И он поклонился, собираясь удалиться, словно остальное касалось уже только его одного.
— Да погодите же, — сказал де Тревиль, останавливая его. — Я обещал вам письмо к начальнику академии. Или вы чересчур горды, молодой человек, чтобы принять его от меня?
— Нет, сударь, — возразил д'Артаньян. — И я отвечаю перед вами за то, что его не постигнет такая судьба, как письмо моего отца. Я так бережно буду хранить его, что оно, клянусь вам, дойдет по назначению, и горе тому, кто попытается похитить его у меня!
Это бахвальство вызвало на устах де Тревиля улыбку. Оставив молодого человека в амбразуре окна, где они только что беседовали, он уселся за стол, чтобы написать обещанное письмо. Д'Артаньян в это время, ничем не занятый, выбивал по стеклу какой-то марш, наблюдая за мушкетерами, которые один за другим покидали дом, и провожая их взглядом до самого поворота улицы.
Г-н де Тревиль, написав письмо, запечатал его, встал и направился к молодому человеку, чтобы вручить ему конверт.
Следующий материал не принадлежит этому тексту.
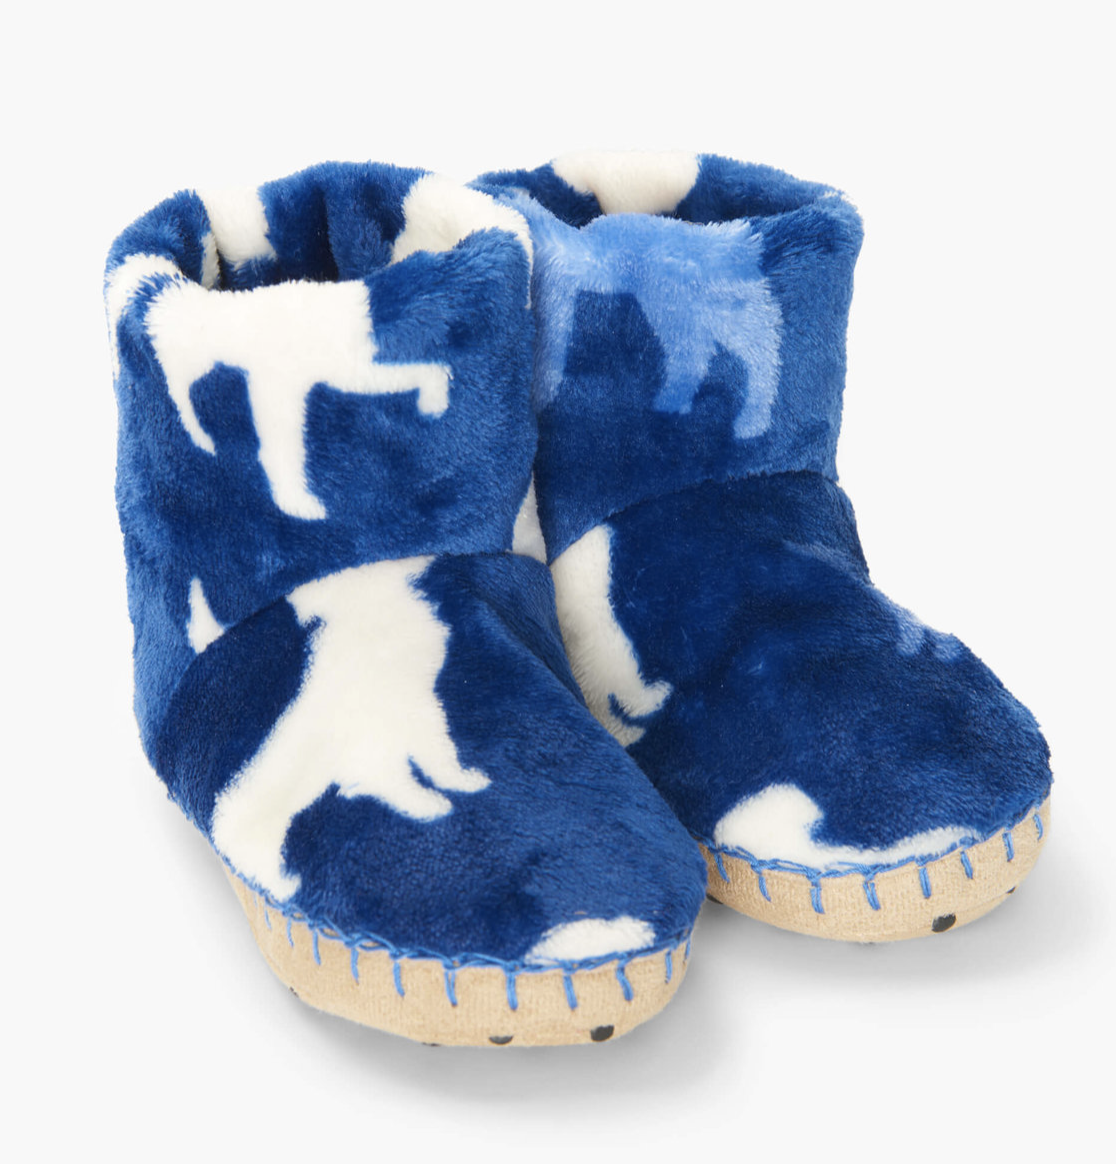 Silhouette pups fleece slippers

Но в то самое мгновение, когда д'Артаньян протянул руку за письмом, де Тревиль с удивлением увидел, как юноша внезапно вздрогнул и, вспыхнув от гнева, бросился из кабинета с яростным криком:
— Нет, тысяча чертей! На этот раз ты от меня не уйдешь!
— Кто? Кто? — спросил де Тревиль.
— Он, похититель! — ответил на ходу д'Артаньян. — Ах, негодяй! — И с этими словами он исчез за дверью.
— Сумасшедший! — пробормотал де Тревиль. — Если только… — медленно добавил он, — это не уловка, чтобы удрать, раз он понял, что подвох не удался.
IV
ПЛЕЧО АТОСА, ПЕРЕВЯЗЬ ПОРТОСА И ПЛАТОК АРАМИСА
Д'Артаньян как бешеный в три скачка промчался через приемную и выбежал на площадку лестницы, по которой собирался спуститься опрометью, как вдруг с разбегу столкнулся с мушкетером, выходившим от г-на де Тревиля через боковую дверь. Мушкетер закричал или, вернее, взвыл от боли.
— Простите меня… — произнес д'Артаньян, намереваясь продолжать свой путь, — простите меня, но я спешу.